We can call it privileged progressivism: the belief that history always moves toward better things, and that this necessarily involves giving the already privileged more of what they want.

Let’s take a step back and talk a little about the realities of class and privilege in American society. I’ve mentioned in previous blog posts more than once that the most effective way to sort out where someone fits in the convoluted caste system of today’s America is to note how they get the majority of their income. Does it come from return on investments? Does it come from a monthly salary with benefits?  Does it come from an hourly wage, usually with no benefits worth mentioning? Does it come from government welfare payments?  In the US today, it’s usually one of those four—and the investment class, the salary class, the wage class, and the welfare class are thus the four great classes of modern American society.
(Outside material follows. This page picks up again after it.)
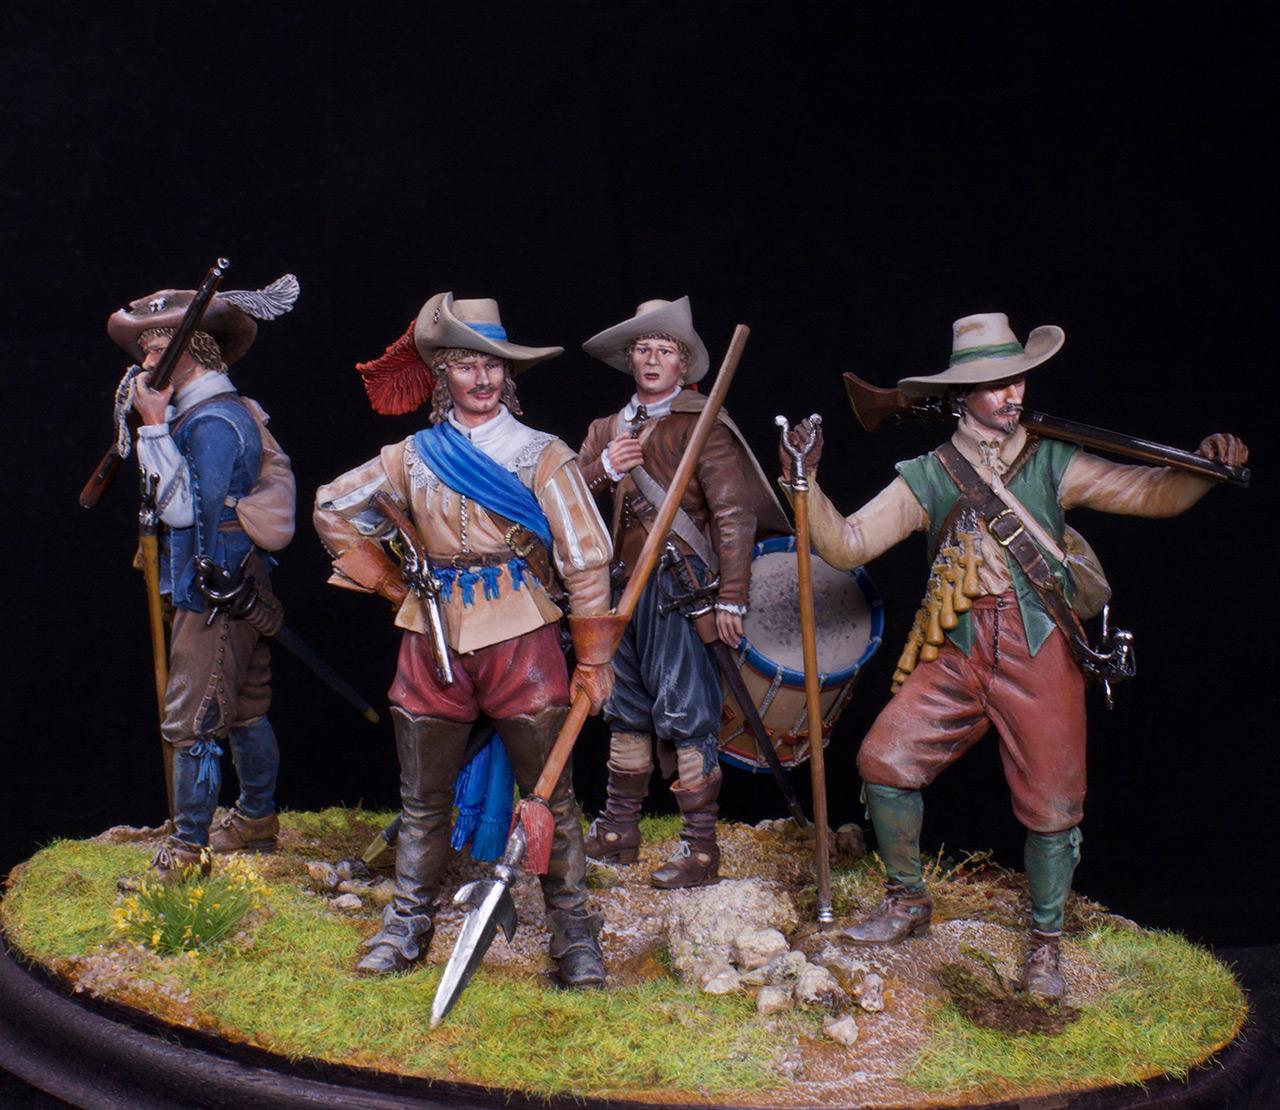 Figures: Musketeers, 1630, photo #3

Are there people who don’t fall into those categories? Sure. I’m one of them; I make most of my income from royalties on my books. People in my classlet fit into the holes and corners of the class structure just outlined.  If they make the sort of modest but decent income I do, they exist somewhere between the wage and salary classes, with salary class educations but wage class income and benefits; if they make incomes in the upper middle class range and display all the right attitudes and values, they can win acceptance into the salary class; if they strike it rich and end up with serious investment income, they’re in the investment class, and the other people in that class treat them as they would any other nouveau-riche aspirant to gentility. The four main classes provide the framework into which eccentric classlets like mine have to fit.
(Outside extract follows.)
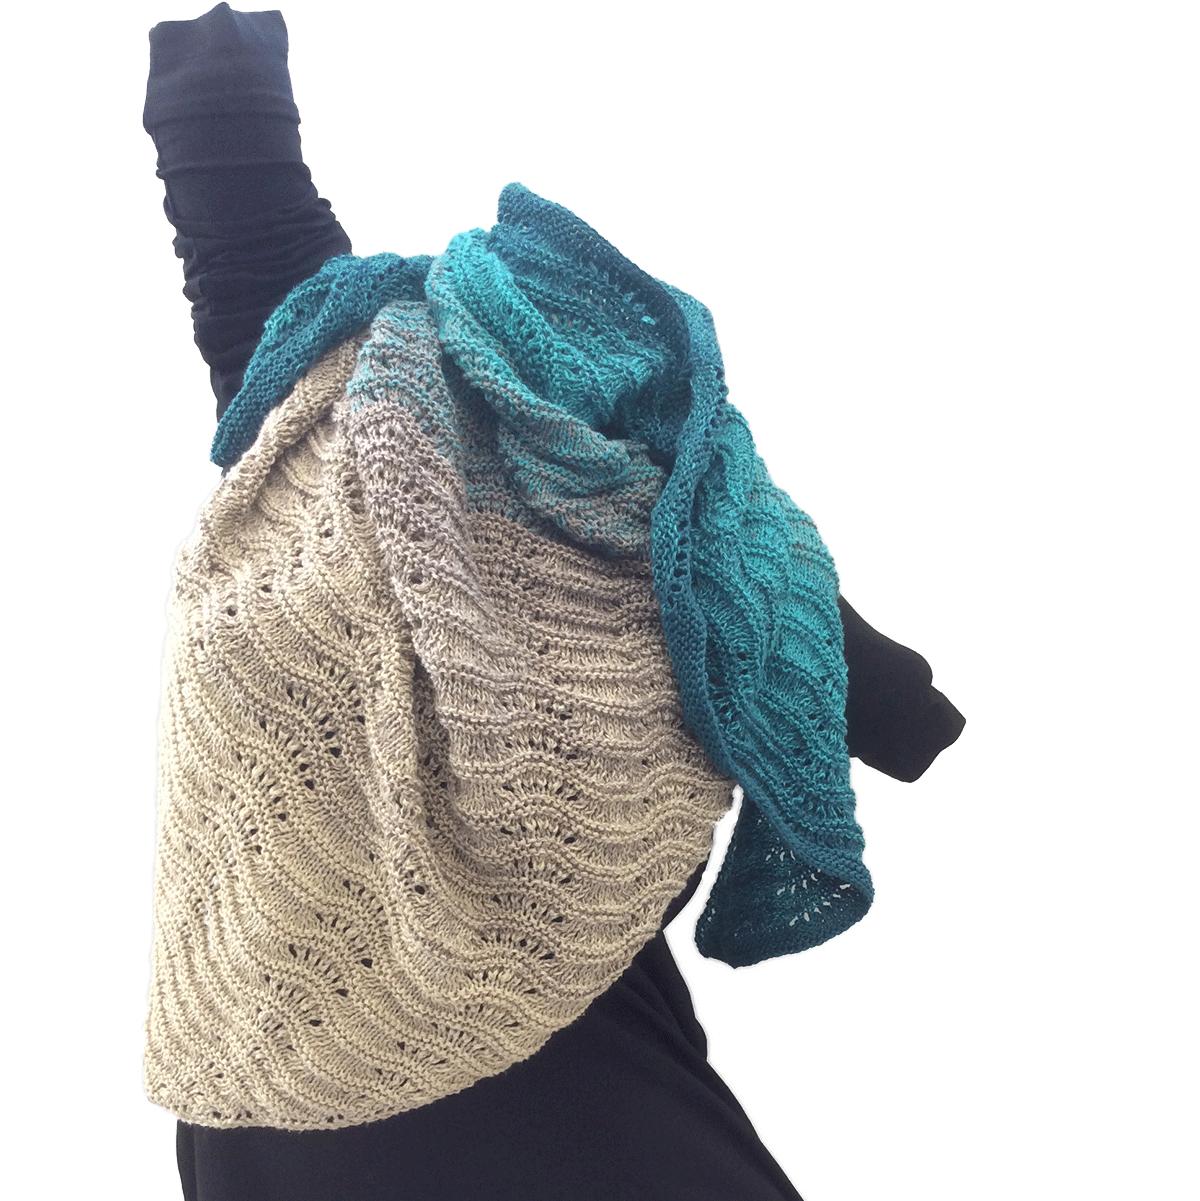 Woolly Hugs Bobbel Cotton Farbverlaufsgarn Von Veronika Hug

Ever since the Second World War, furthermore, the salary class has been in the ascendant. Read novels from between the wars, and it’s taken for granted that what sets people apart as members of the privileged classes is the possession of enough investment income that they don’t have to work. I’m thinking here, because it’s a favorite book of mine and I reread it not too long ago, of Somerset Maugham’s novel The Razor’s Edge.  In the denouement, the thing that tells you that Larry Darrell is on his way to a destiny most of the other characters can neither follow nor understand is that he has gotten rid of his investments, given the money away, and thus irrevocably removed himself from among the self-proclaimed Good People of his era.
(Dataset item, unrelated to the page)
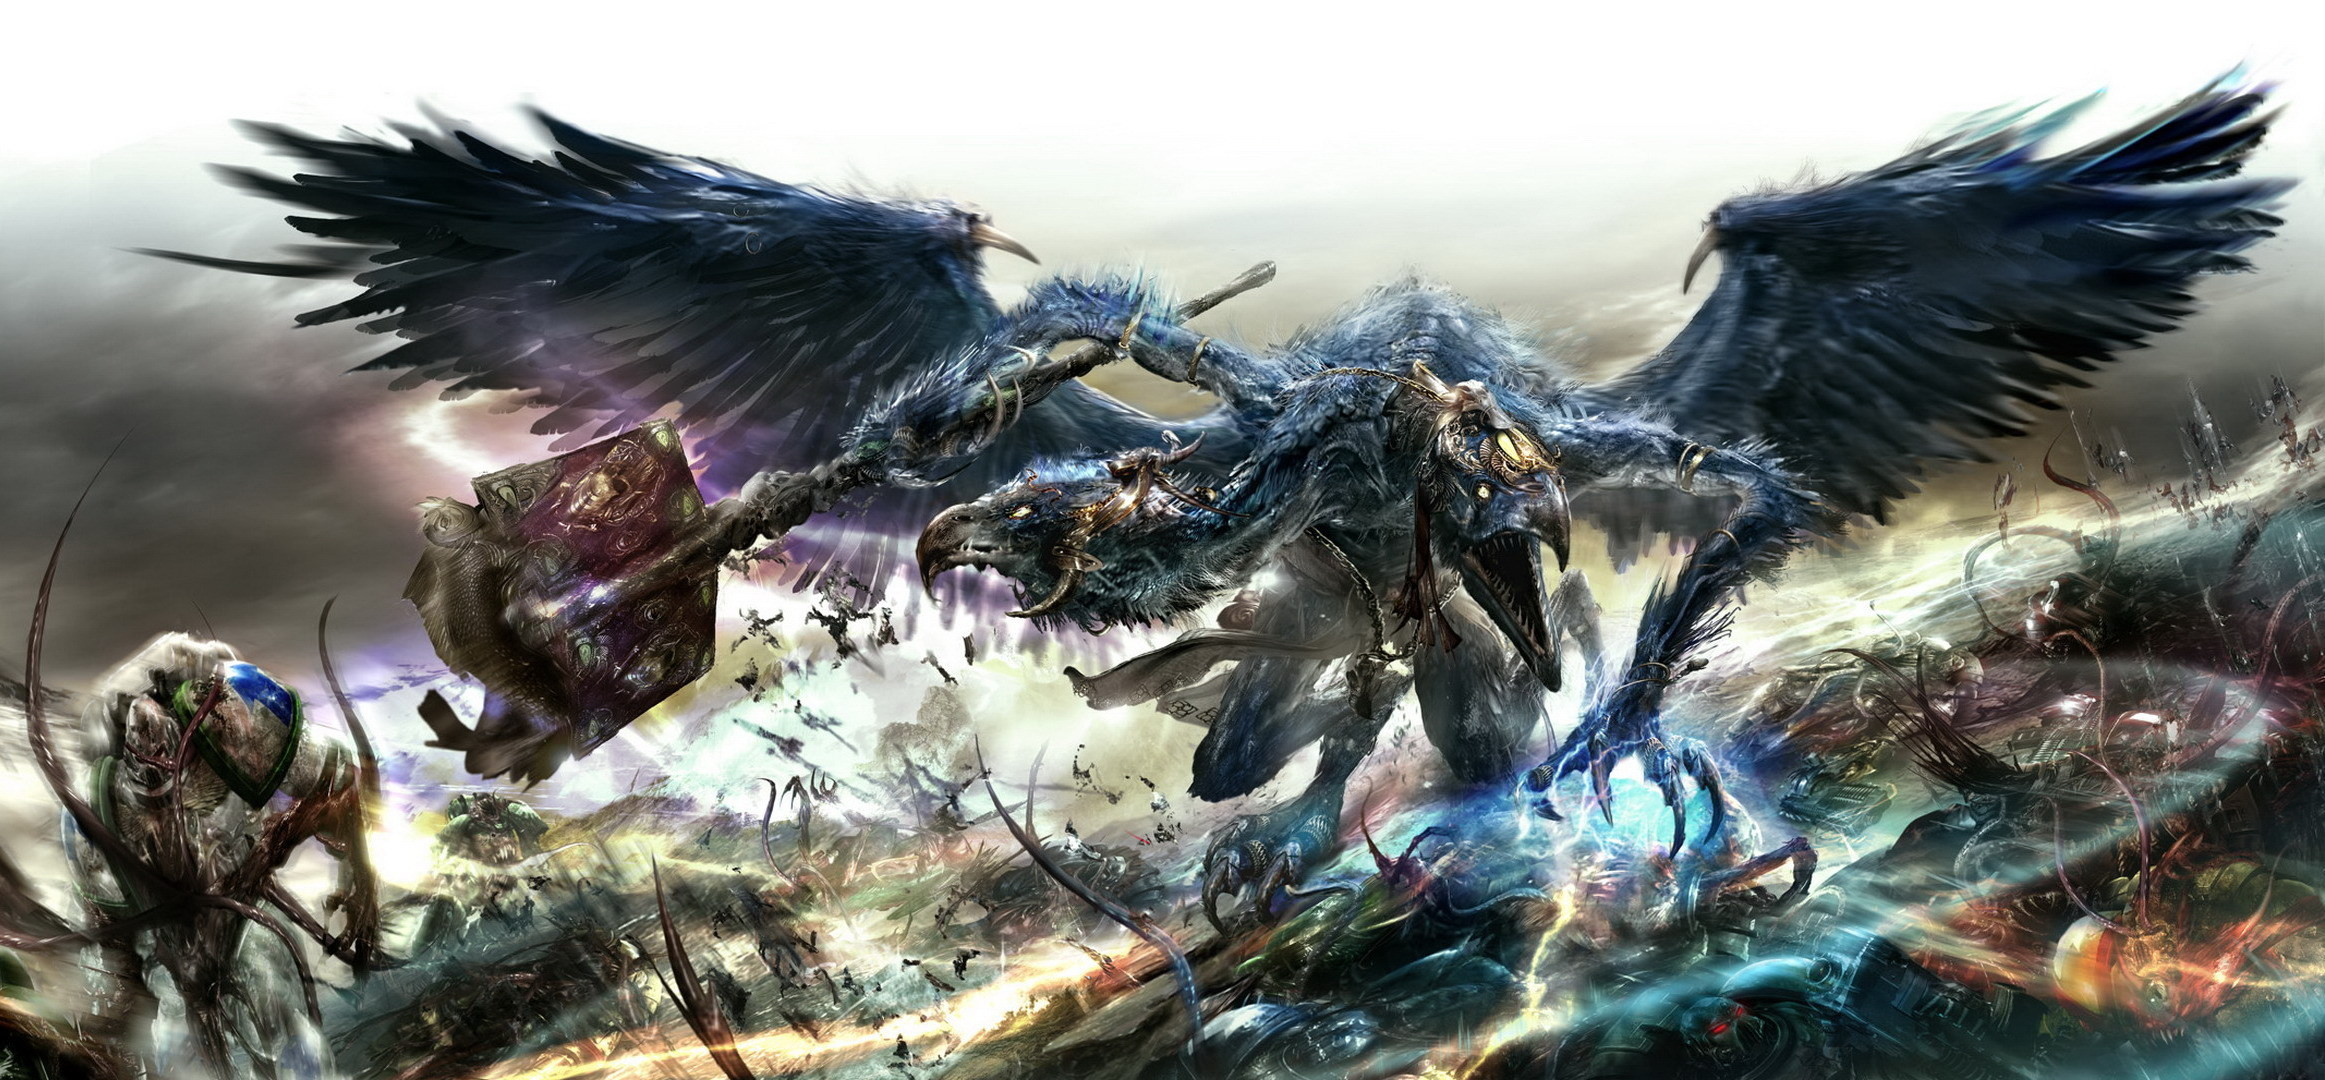 Warhammer 40k, battle, space marines, chaos, demon, tzeentch, tzeentch .

If Maugham were writing today, Darrell’s quest for freedom would have involved quitting a job with a six- or seven-figure salary and an ample benefits package, because that’s what marks you in today’s world as one of the Good People, or in other words a member of the privileged classes. The ascendancy of the salary class is why in 1920, the CEOs of major corporations were the obsequious lackeys of the boards of directors, while now it’s generally the other way around; it’s also why interest rates, the most basic measure of the returns that provide the investment class with their income, have spent so many years at such rock-bottom levels. Members of the salary class borrow more money than they invest, and so benefit from low interest rates; members of the investment class invest more than they borrow, and so the level at which interest rates are set is a fair measure of the balance of power between the two classes.

The ascendancy of the salary class also explains why every proposal enacted to help the two less prosperous classes, to benefit the environment, or to solve some other problem, always benefits the salary class more than it does the purported beneficiaries of the proposal. People living on welfare in today’s America scrape by with a wretched standard of living, but that can’t be said of the legions of salaried bureaucrats who administer those same welfare programs. Similarly, the big push to send unemployed wage class Americans to college, there to get job training for jobs that didn’t happen to exist, turned into a disaster for millions of people who were lured into taking out student loans they will never be able to pay off and cannot discharge by bankruptcy. On the other hand, it was a huge success for the salaried employees of universities and banks, who prospered mightily from the scheme and ended up carrying none of the costs.

This is also why the environmental reforms promoted by well-funded think tanks and corporate media outlets impose costs solely on farmers, coal miners, and other people outside the salary class, while the earth-wrecking behaviors of the salary class—the long commutes in SUVs, the vacations in Puerto Vallarta or Mazatlan, the sprawling, amenity-laden, and nearly uninsulated McMansions that use as much electricity as a city block in eastern Europe or an entire town in Indonesia, and the rest of it—get a free pass. Any time you see an environmental protest that focuses on demanding that governments do something, while neglecting the massive carbon footprints of the people involved in the protest, you’re looking at privileged progressivism on the hoof.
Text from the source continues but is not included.